Christianity is an oriental religion whose irruption into the classical world overwhelmed it and changed the course of its development. It is fruitless to speculate how the history of the West might have proceeded if Christianity had expired, after a short time, as merely another version of that common Middle Eastern theme - from Egyptian mythology to the Orphic rites -of the dying and reviving god. But we can make a guess, as follows.

For one thing, Plato's and Aristotle's academies in Athens would not have been suppressed in AD 529 on the grounds of their 'pagan' teachings. The delicate irony attaching to this occurrence is that their suppressor, Justinian, named the great church he built in Constantinople 'The Church of the Holy Wisdom'. For another, there would have been no Christians to put a stop to the Olympic Games in AD 393 because they disliked the athletes' nudity. Gymnos, from which our 'gymnastics' comes, means 'naked'.

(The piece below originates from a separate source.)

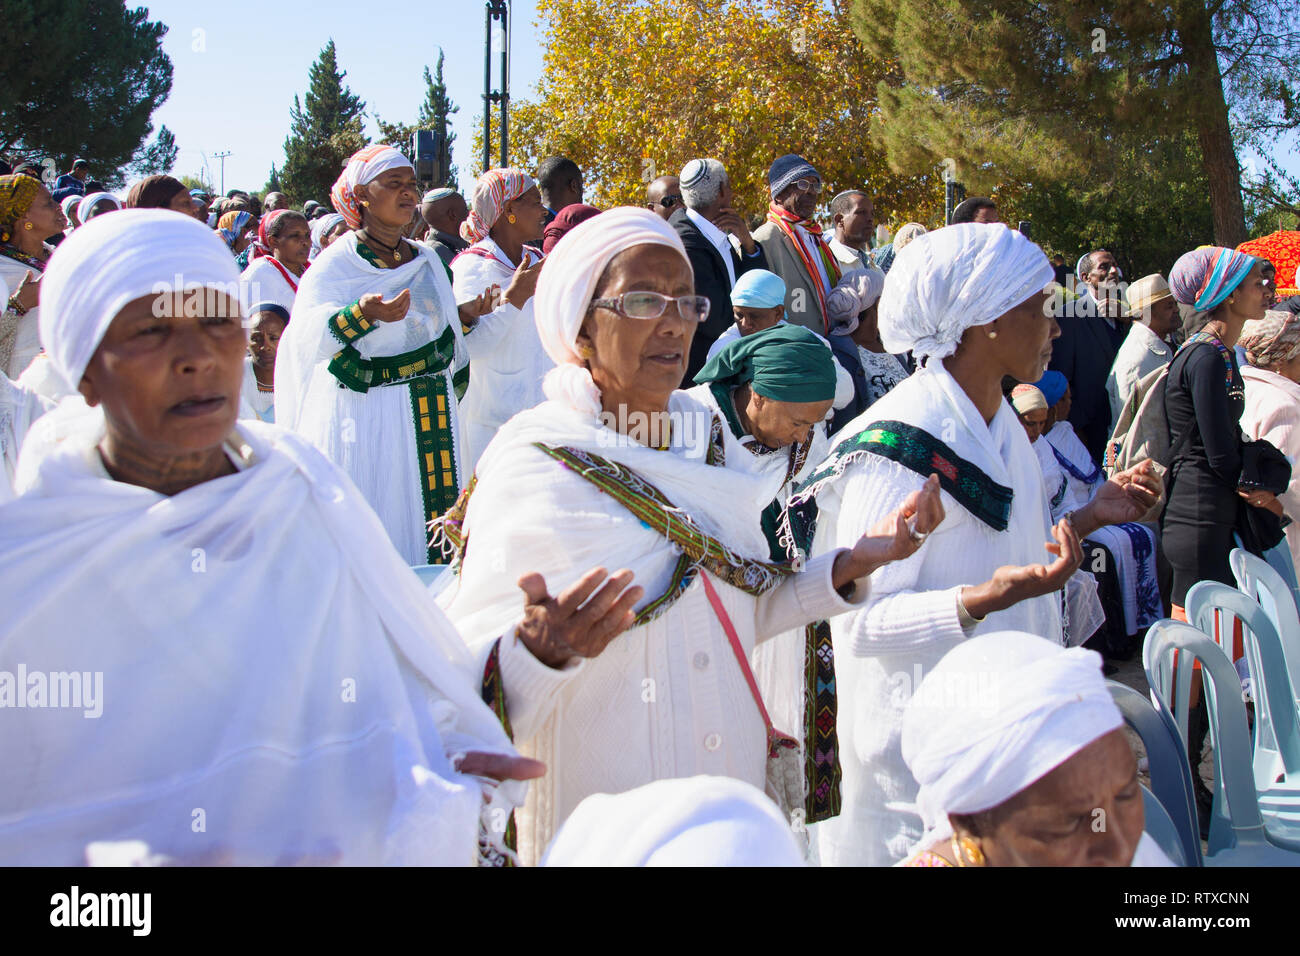 JERUSALEM - NOV 20, 2014: Ethiopian Jewish women pray at the Sigd, in Jerusalem, Israel. The Sigd is an annual holiday of the Ethiopian Jews Stock Photo

Apologists might say that without the accident of Christianity's becoming the official religion of the Roman Empire, we would be without the glorious Annunciations and Crucifixions of Renaissance art. But in balance with the sanguinity of Christian history - its crusades, Inquisitions, religious wars, drowned witches, oppressive morals and hostility to sex - this seems a minor loss. In place of Annunciations we would have more depictions of Apollo Pursuing Daphne, the Death of Procris, Diana Bathing, and the like. By almost any standards, apart from the macabre and gloomy ones of Puritan sensibility, an Aphrodite emerging from the Paphian foam is infinitely more life-enhancing an emblem than a gloomy Deposition from the Cross.

The religious attitude is marked by a robust refusal to take things at face value if inconvenient. Take this passage from the Book of Samuel - in its King James robes, a wonderful piece of prose - and ask how attractive it makes religion seem: 'Then said Samuel, "Bring ye hither to me Agag, King of the Ama lekites." And Agag came to him delicately. And Agag said, "Surely the bitterness of death is passed." And Samuel said, "As thy sword hath made women childless, so shall thy mother be childless among women." And Samuel hewed Agag in pieces before the Lord in Gilgal.'

If the mincing of Agag wrought divine pleasure, then it is surely the Prometheus of Goethe who has the gods' measure: 'I know nothing more wretched under the sun than you, ye gods! Scantily you feed your majesty on sacrifices and the breath of prayer; and you would starve if beggars and children were not hopeful fools.'

 Leslie Stephen pointed out that while religion flourishes, ethical enquiry is restricted to casuistry, that is, the science of interpreting divine commands. The ultimate justification of these rests on a logical fallacy with a forbidding Latin name, the argumentum ad baculum, which can be explained as follows. The religious reply to the moral skeptic’s question, 'Why should I behave in such-and-such a way?' is simply 'Because God requires it of you.' But this is merely a polite way of saying, 'Because you'll be punished if you don't.' This is what the argumentum ad baculum comes down to: the use of a threat, literally 'an appeal to force'. But a threat is never a logical justification for acting one way rather than another. If there exists a deity with the punitive vengefulness of the Judaeo-Christian variety, then it might be prudent to obey it, and thus avoid the flames of hell; but the threat of punishment is not a principled reason for obedience.

Religious apologists claim that our motive for acting morally should not be the threat of divine vengeance, but love of God and our fellow man. But this is pious camouflage, however well meant. For in the religious view, if someone chooses not to act on the prompting of such affections, or fails to feel them at all, he is not therefore excused exile in the place of wailing and gnashing of teeth. He will suffer the fate of the fig-tree which, we are told in a pre-environmentally-sensitive biblical text, was blasted for bearing no fruit out of season.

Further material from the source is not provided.